Houle’s piece is a reconstruction of a Parisian salon with four painted panels of figures returning to their homeland. Below each panel is an image of the smallpox virus. Above the panels are the names of the dancers, cycling in reference to Nishnaabeg honouring traditions. I loved that Houle’s language and visual imagery speaks directly to our community—in the bowl of sage in the front corner of salon, in the quiet drumbeats of the installation soundtrack, and in his respect for our traditions around honouring the spirit of those who have passed on. Paris/Ojibwa represents a liberation, a homecoming and an honour song both to the Mississauga performers in Catlin’s “Indian Museum” and to contemporary Nishnaabeg people.
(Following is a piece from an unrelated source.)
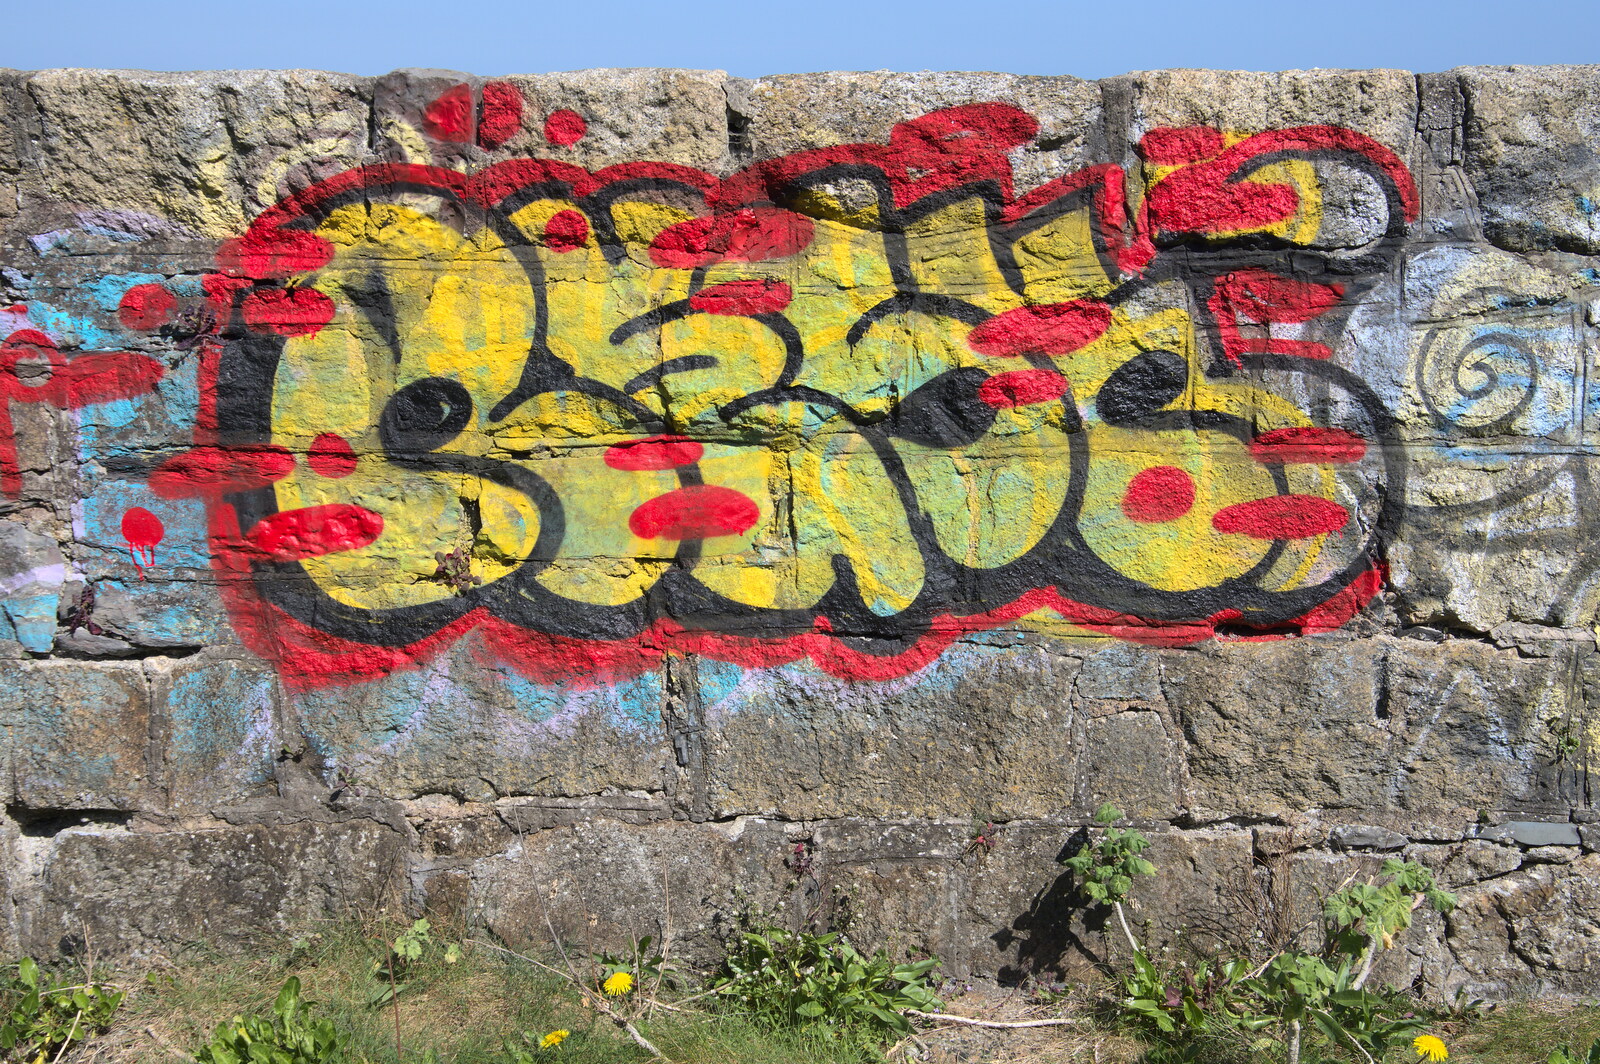 Blackrock North and South, Louth and County Dublin, Ireland - 23rd April 2022: A bright yellow tag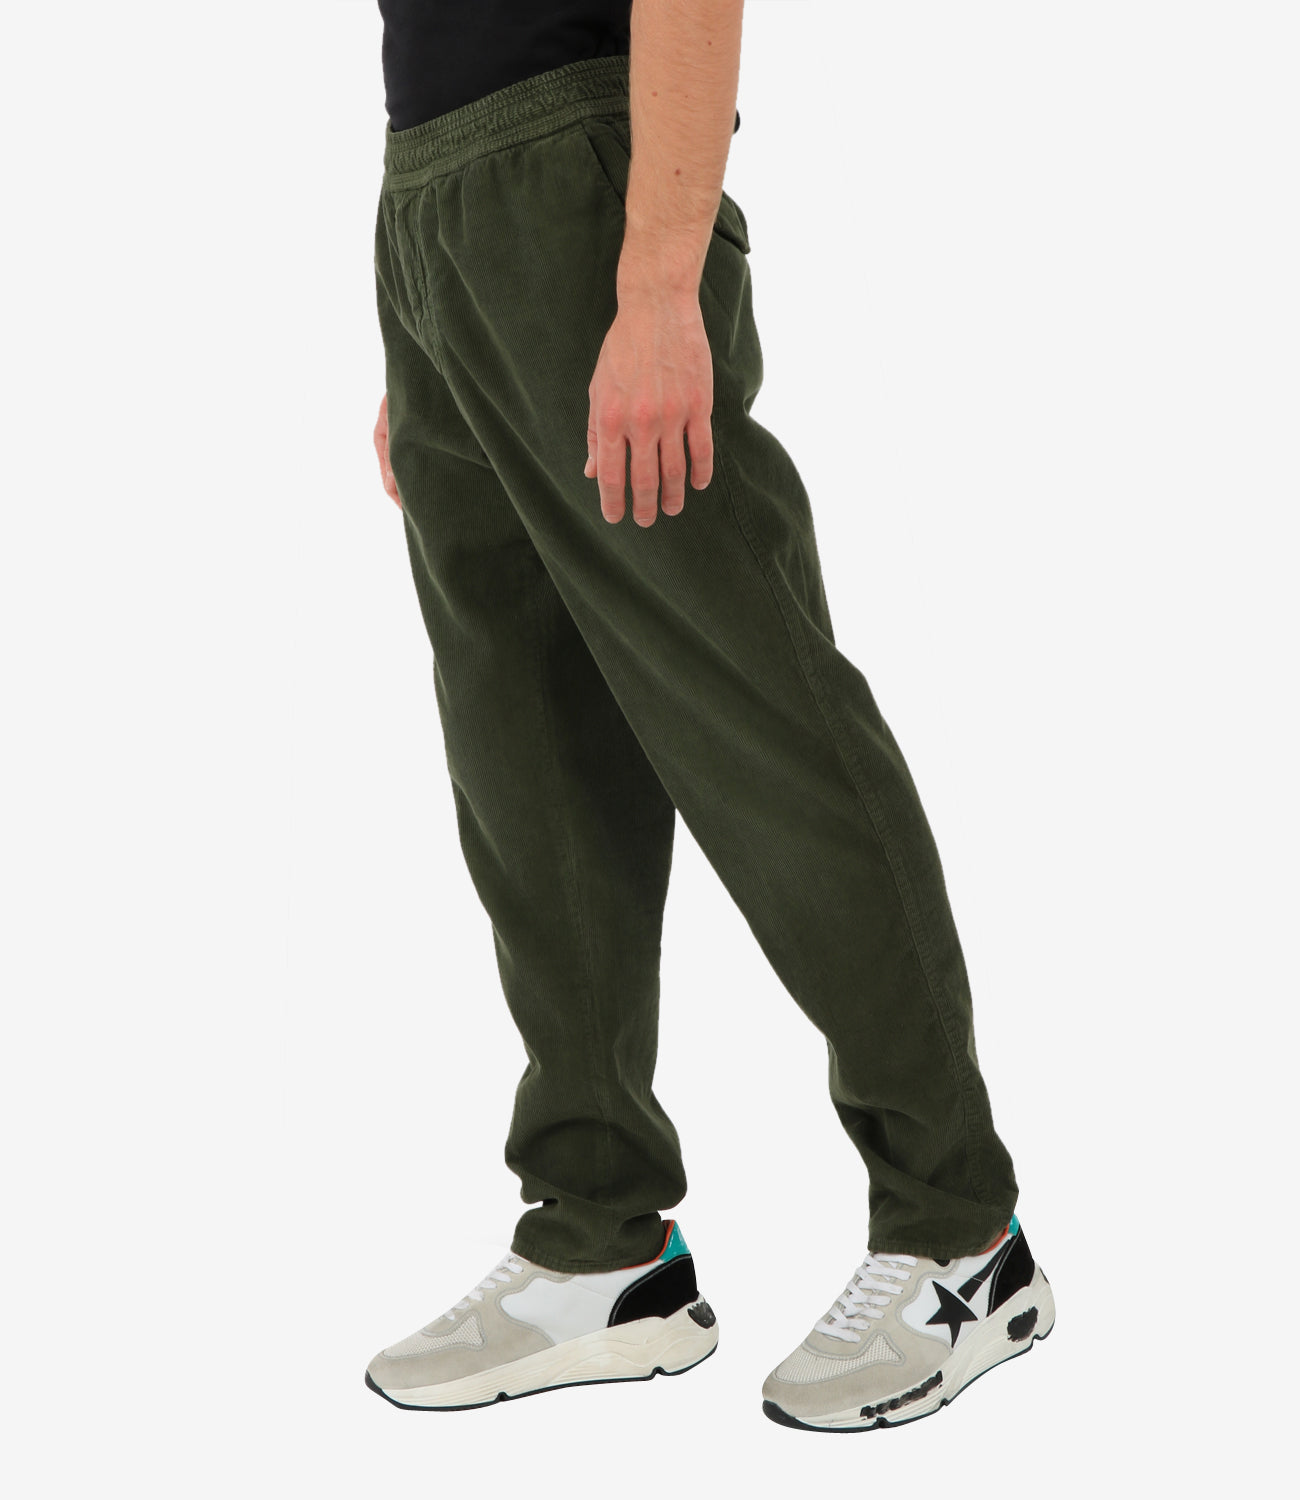 Amos Golden Goose Deluxe Brand Military Green Trousers

Originally shown in Paris as part of a series of performance re-enactments, Paris/Ojibwa, installed in Mississauga territory, now becomes about healing and reconciliation—but this time from within our own world view. Houle shifts our gaze from “Indians as objects in a museum” to the politics of power that allow us to exoticize and objectify “Indians” in the first place, while also illuminating the resistance and resilience of the Nishnaabeg. Through Paris/Ojibwa, Houle delicately transforms the history of Maungwudaus and Uh wus sig gee zhig goo kway into a beautiful, sacred story of the Nishnaabeg kind.